Антиподом и Отелло и Дездемоны — двух натур, глубоко друг другу родственных, является Яго — воплощение всех самых низменных начал человеческой природы. Конечно, видеть в нем персонификацию зла, существо, любящее зло ради зла, как это делала старая романтическая критика (а в более позднее время — А. Блок), сейчас мы уже не можем: слишком уж четко выступает конкретная мотивировка действий Яго и их социально-исторический смысл; Яго — типичный представитель хищнического индивидуализма, жестокий и циничный, подобно Ричарду III или Эдмонду Глостеру в «Короле Лире». У него своя философия, с помощью которой он оправдывает совершаемые им злодеяния. Философия эта, в сущности, сводится всего к двум принципам, теоретически слабо друг с другом связанным, но практически довольно хорошо совмещающимся: это абсолютный релятивизм, утверждающий, что всякая вещь существует лишь поскольку мы ее ощущаем и что если мы ее не чувствуем, то, значит, ее и нет; а второй принцип много проще: это «набей потуже кошелек» (I, 3) — припев, с помощью которого он пытается поработить Родриго и извлечь из него все, что только можно, а затем выбросить его как выжатый плод.
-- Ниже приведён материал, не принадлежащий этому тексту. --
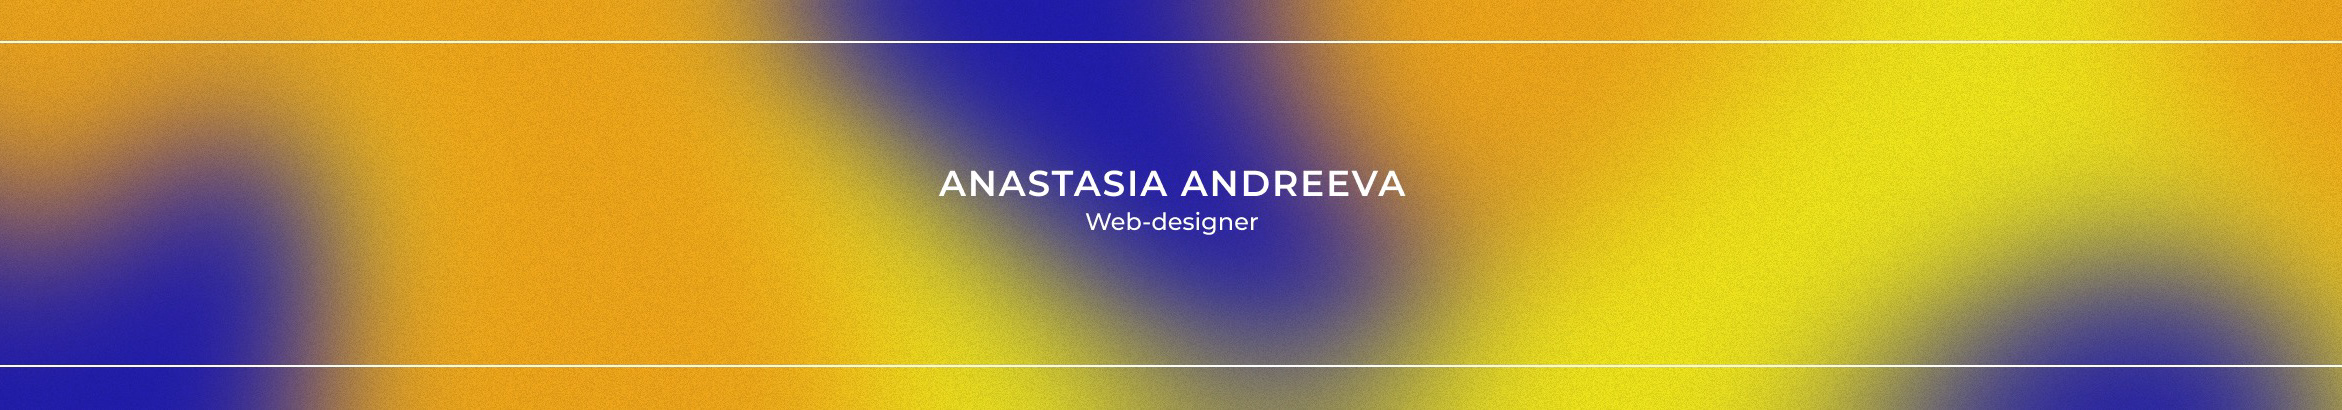 Anastasia Andreevas profilbanner

Ясно, насколько такое мировоззрение непримиримо с мироощущением как Отелло, так и Дездемоны. И отсюда понятна ненависть Яго к обоим, что и делает его злобу к ним такой предвзятой и непримиримой. «Я не перевариваю мавра», — говорит он. Подобно тому как «в жизни Кассио есть некая красота», делающая его нестерпимым для Яго, так же несносны для него и Отелло с Дездемоной: первый оскорбляет Яго своим величием, вторая — своей чистотой. Они претят ему, они его терзают одним лишь тем, что существуют, ибо Яго насквозь до конца аморален. Отсюда, по выражению английских критиков «поиски мотивов» у Яго для его ненависти к Отелло: если бы даже последний и не обошел его по службе, сделав своим лейтенантом Кассио, все равно — Яго нашел бы оправдание для смертельной ненависти к мавру (например, вымышленная Яго супружеская неверность Эмилии, в постель к которой якобы «скакал» Отелло). Вот источник идеи о «демонизме» Яго, обожающего зло ради зла. Но свою низость Яго прикрывает маской солдатской прямоты, правдивости. И ему дается обмануть других, в том числе и Отелло. Отсюда постоянный припев Отелло: «Честный Яго! Мой честный Яго!..»
Яго проповедует свои «принципы» так пылко и настойчиво, что способен заразить ядом своей философии и других, в том числе самого Отелло в момент наибольшего помутнения его разума. Он говорит (и мы словно слышим голос Яго): «Тот не ограблен, кто не сознает, что он ограблен» и еще: «Я был бы счастлив, если б целый полк был близок с ней, а я не знал об этом» (III, 3). Но мы хорошо понимаем, что у Отелло такие мысли — болезнь, наваждение, что он и Яго — полярно противоположны, до конца враждебны друг другу.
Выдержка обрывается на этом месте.